In the in place versioning approach the tip version of any row will have whatever partition key/row key it is supposed to have plus the prefix ”tip” on the row key. This means that anytime I want to interact with the tip version of a row I just generate the expected partition key/row key and add in ”tip” as a prefix on the row key. This makes reads fast.
Every column I’m versioning will contain a version ID which is a monotonically increasing integer. The first time I create the ”tip” version of a row (e.g. when the row is first created) I will give it the version number 0. When updating a row I will copy the old value and give it the prefix ”old”. Then I’ll update the tip version and increment its version number. The key to consistency with an in place versioning approach is that it’s possible to both create the old version and update the tip atomically. The table store’s entity group transaction mechanism is guaranteed to be atomic and so can be used to solve exactly this problem.
To version enable a table store table I need either to build a proxy or a library. My guess is that I would use a library to save the processing and network time of a proxy but what is really nice about a proxy is that I can use the proxy as a lock down mechanism. I can make sure nobody but the proxy has the key to the table so if someone doesn’t go through the proxy then they don’t get access to the data. That alone will prevent tons of bugs. By having a single proxy I can also more easily control issues like versioning of the proxy code which deals with a whole other set of bugs. But proxies do demand both a processing and latency cost so I have to consider that in deciding between proxies and libraries.
The following goes through the standard methods in their non-version aware form and explains how their behavior would change if one was using a version aware library/proxy to interact with the table store using an in place versioning approach.
- If the query contains a filter that specifies a rowkey then prefix the rowkey value(s) with ”tip”. In all cases add the filter argument (if it doesn’t already exist) of ”rowkey gt ’old”’. This will filter out everything but tip versions of rows since ’tip’ comes after ’old’.
- A GET is needed to retrieve the current ’tip’ version.

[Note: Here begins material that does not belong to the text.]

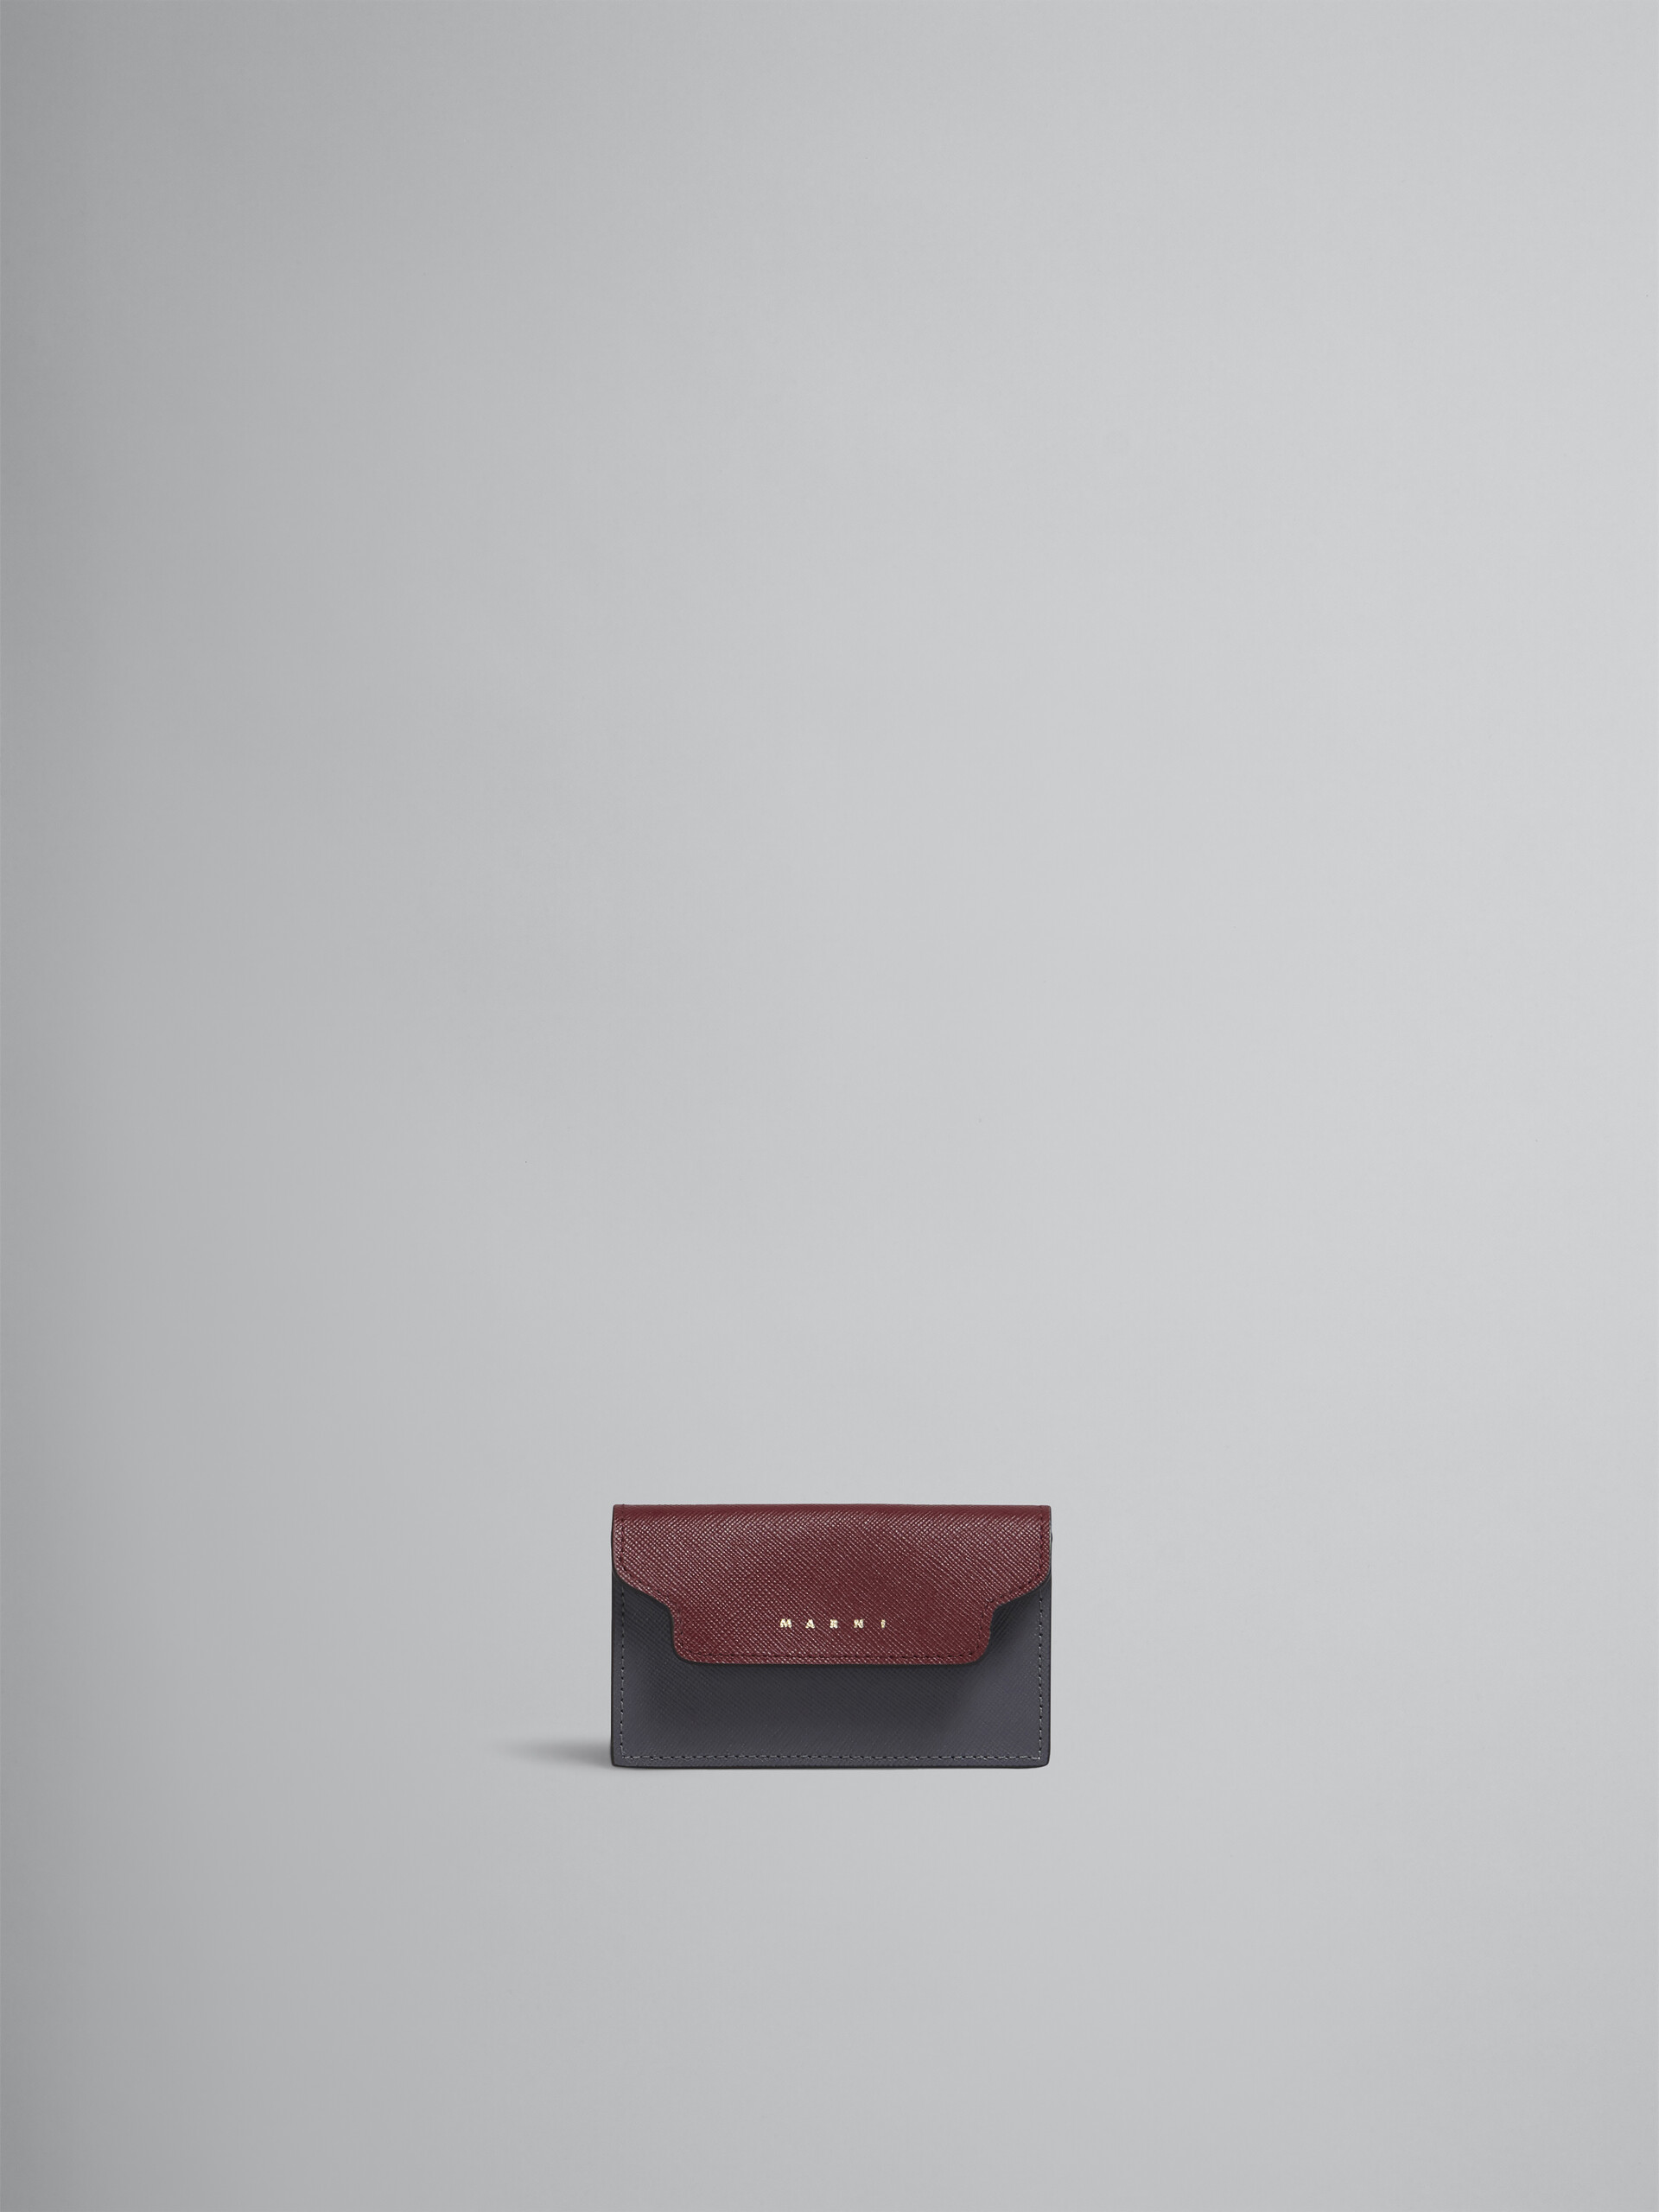 Porte-cartes en cuir saffiano rouge, rose et gris - Portefeuilles - Image 1

If none exists then the request should fail since there is nothing to delete. If the tip version does exist then create an entity group transaction that includes creating a new row to act as the tombstone with a column ’tombstone’ set to true as well as a delete command for the current tip that includes the etag from the GET in an if-match header.
- First retrieve the existing versions ’tip’ (using an etag if one was provided in an if-match or equivalent header). If there isn’t one then the resource doesn’t exist or has been deleted and so the request should fail. If the ’tip’ version exists then an entity group transaction is needed to update the tip version as previously described but use if-match with the etag retrieved from the original GET.
- The logic is the same as PUT for all intents and purposes. It’s just that values not specified in the MERGE request have to be retrieved from the soon to be replaced ’tip’ version to create the ’old’ prefixed copy.
- Check to see if a tip version exists. If so, then fail. If not then check to see if there is a tombstone. If so then issue the POST request with the version number set to an increment of the number in the tombstone. If there is no tombstone then the version number is 0 and row key will have ’tip’ added as a prefix.
- Entity group transaction
- In essence just glue together the instructions for the individual methods mentioned above and apply to the contents of the entity group transaction. Entity group transactions even support if-match headers.